NEW YORK -(Dow Jones)- The International Telecommunications Union
Wednesday formally ratified an agreement for 56-Kbps modems that will
allow modems from all manufacturers to "talk" to each other. Such modems
transmit data across ordinary phone lines between computers at 56,000
bits of information per second, or 56-Kbps in computer jargon.
The ITU, a charter organization of the United Nations, is the formal
world-wide telecommunications standards body.
The announcement comes as the modem industry is still recovering from
a format war sparked by incompatible formats pushed by Rockwell
International Corp. (ROK) and 3Com.
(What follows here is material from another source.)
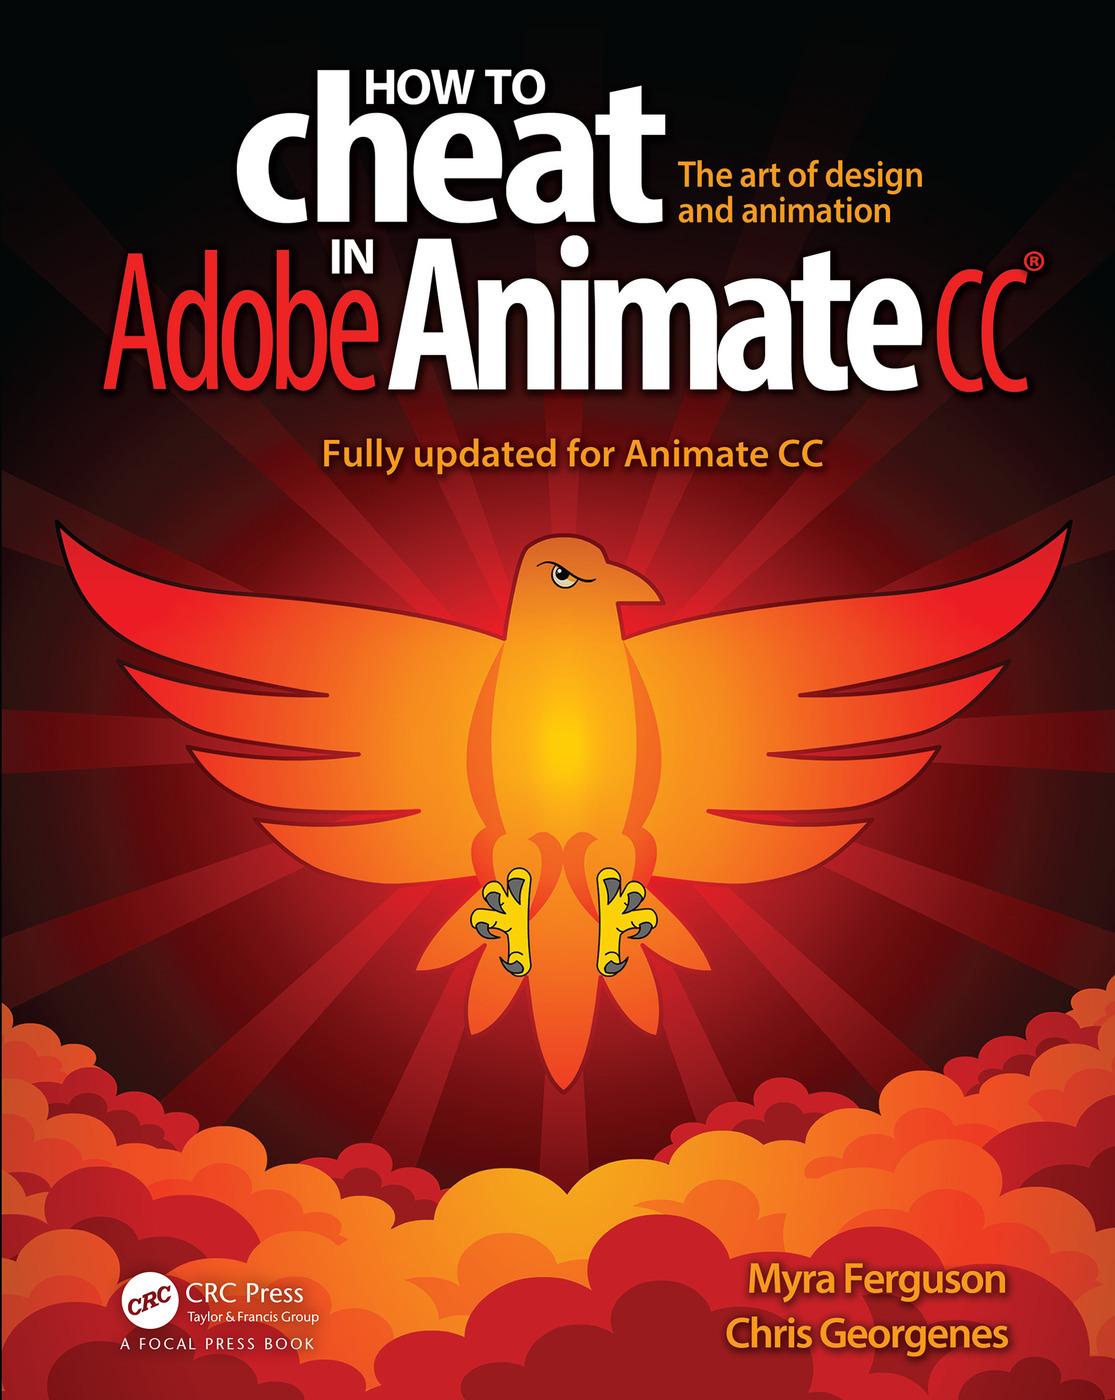 How To Cheat In Adobe Animate Cc 1st Edition Myra Ferguson Chri

Earlier this year, a standards group
settled the dispute with the adoption of a unified 56-Kbps standard.
In February, 3Com Corp. (COMS) was the first modem maker to begin
shipping the 56-Kbps modems to replace older, slower modems, including
those that send at 28.8 and 33.6 kilobits per second.
3Com said Wednesday's ratification is an important issue for
consumers and Internet service providers, or ISPs, and could drive modem
sales during the holiday season. 3Com said ratification also is
particularly important to corporate customers, who represent a
significant piece of the overall market but tend to wait until standards
are set before installing new technologies.
The higher-speed modems will permit deployment of applications such
as streaming audio and video, which require fast Internet connections.
The patent for the 56-Kbps technology belongs to inventor Brent
Townshend, whose inventions were at the center of the modem war last
year as some experts have said his inventions are foundation for 56-Kbps
modems. But when modem makers earlier this year agreed to the common
standard, many companies contributed patented technologies.
Townshend, who holds a number of other key patents, last year sued
Rockwell, alleging it misused secrets that Townshend revealed to the
firm years ago.
Townsend later licensed his technology to 3Com.
Copyright (c) 1998 Dow Jones & Company, Inc.

It wouldn't be the first time Rockwell Semiconductor did that.



To: W.F.Rakecky who wrote (17318)9/16/1998 6:53:00 PM
From: David Lawrence  Respond to of 22053
 
Compliments of Shane on the Zoom thread:

features.yahoo.com

Gee, I wonder where Bokaakaa and Hazy are? At least Zoom got an honorable mention.